### PROBLEM:
After locating the line that contains "â€œItâ€™s not that" in the data below, set down exactly that line and each one after it through the line that contains "Haven Birthing Co.", and nothing more.

### RECORDS SUPPLIED:
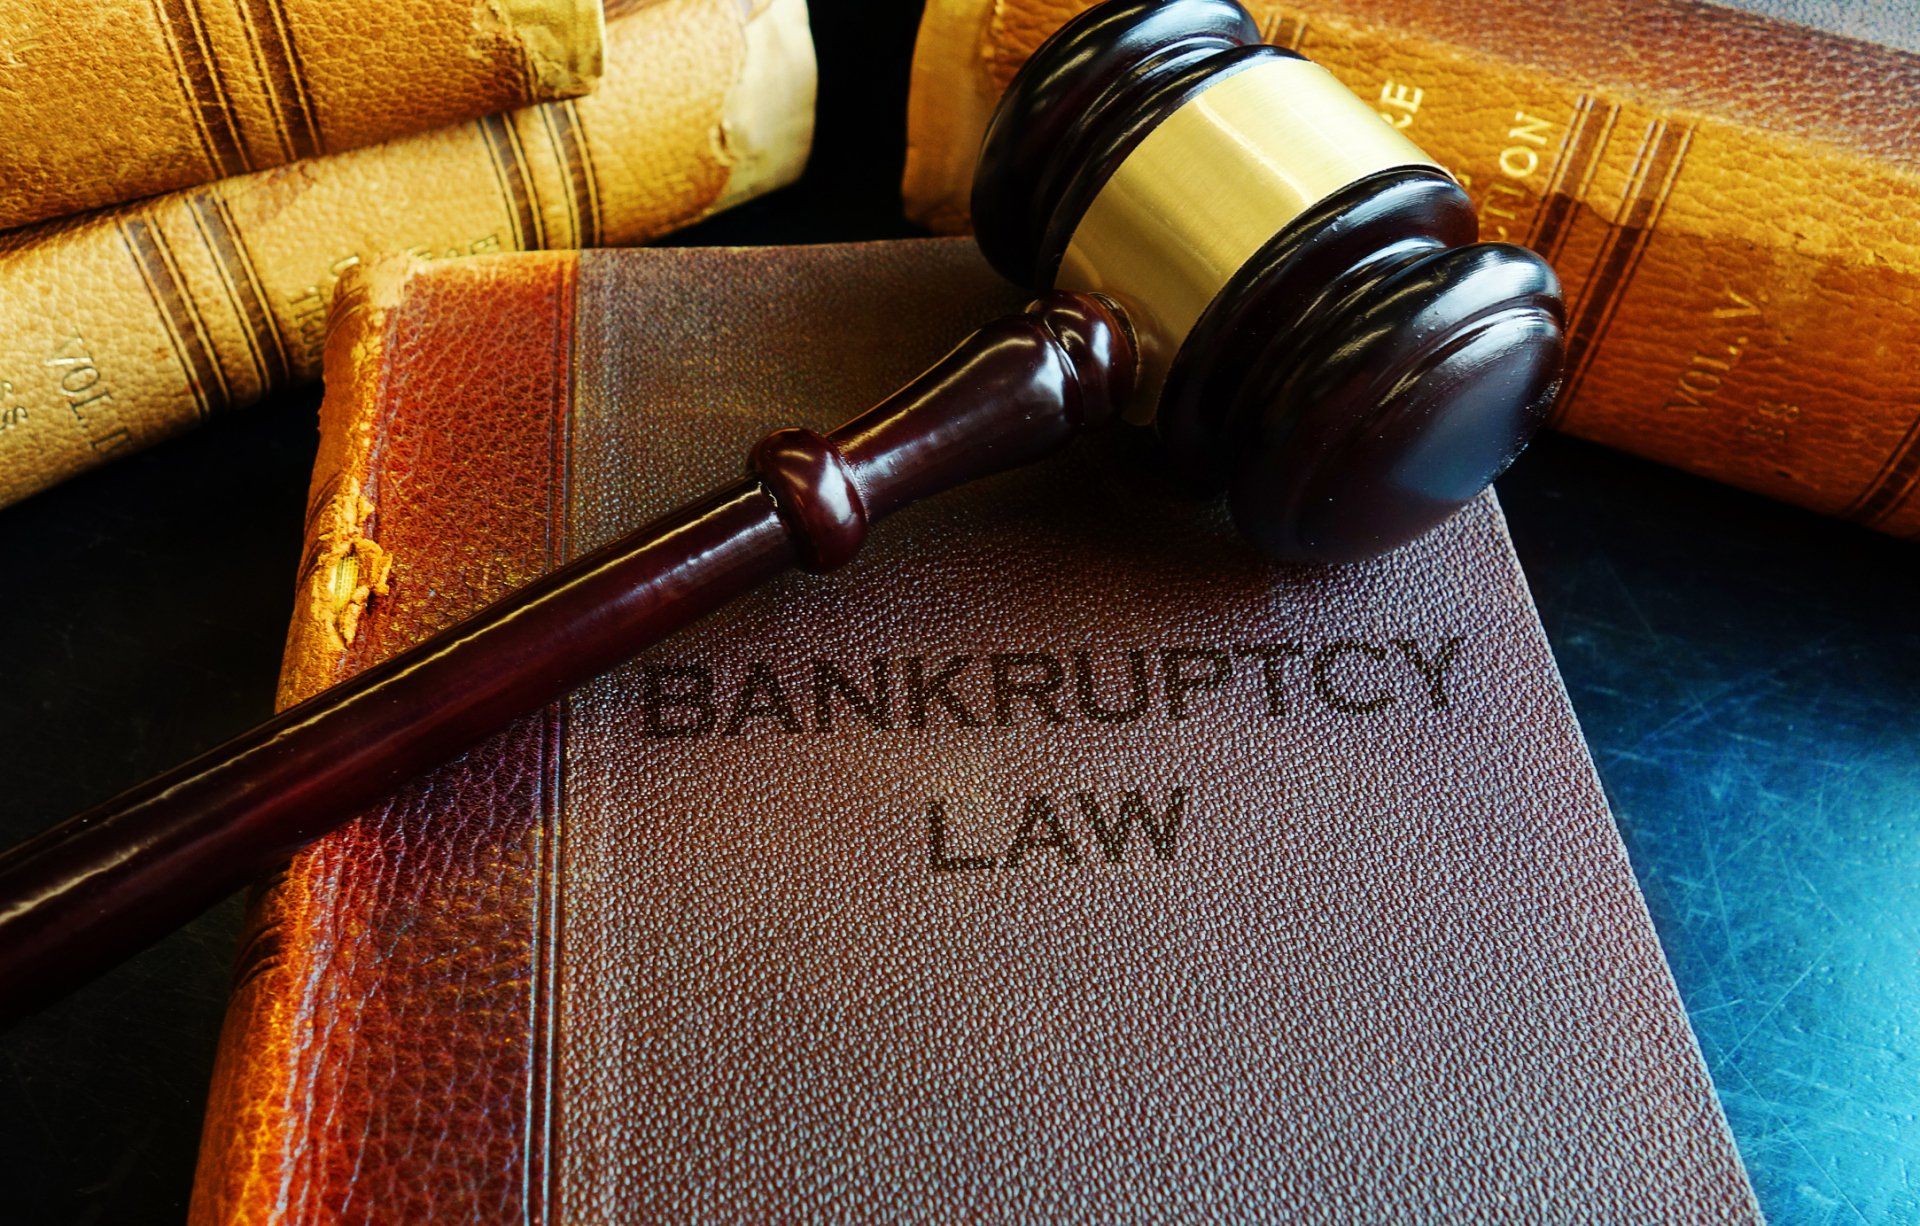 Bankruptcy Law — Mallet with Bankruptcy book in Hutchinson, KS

* * *

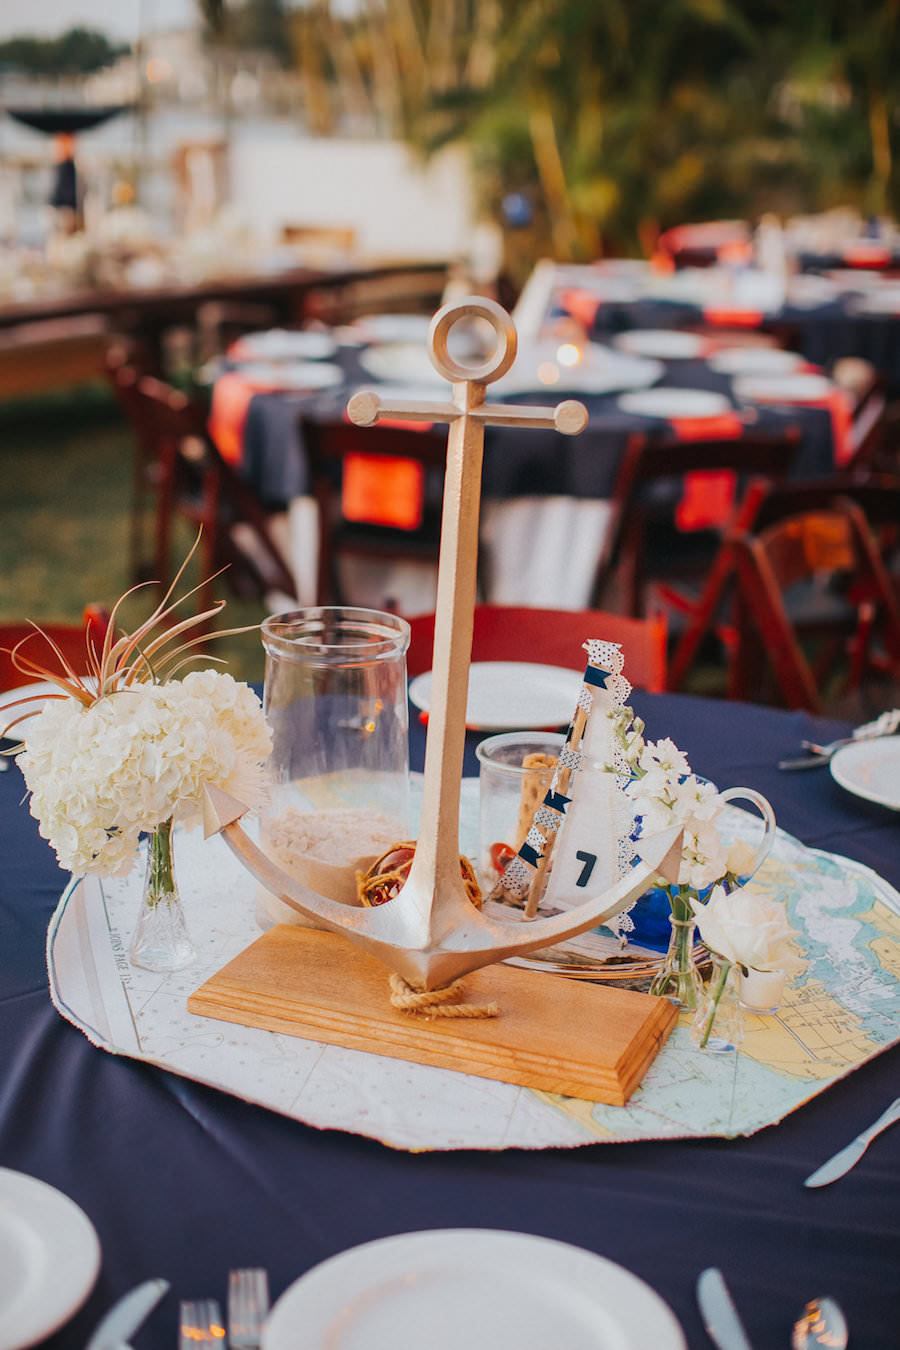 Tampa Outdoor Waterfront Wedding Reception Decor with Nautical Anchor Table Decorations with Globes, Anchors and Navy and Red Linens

---

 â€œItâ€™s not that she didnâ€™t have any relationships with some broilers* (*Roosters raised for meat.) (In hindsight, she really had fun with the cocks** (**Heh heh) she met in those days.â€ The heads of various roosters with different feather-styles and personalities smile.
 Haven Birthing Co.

### YOUR RESPONSE:
 â€œItâ€™s not that she didnâ€™t have any relationships with some broilers* (*Roosters raised for meat.) (In hindsight, she really had fun with the cocks** (**Heh heh) she met in those days.â€ The heads of various roosters with different feather-styles and personalities smile.
 Haven Birthing Co.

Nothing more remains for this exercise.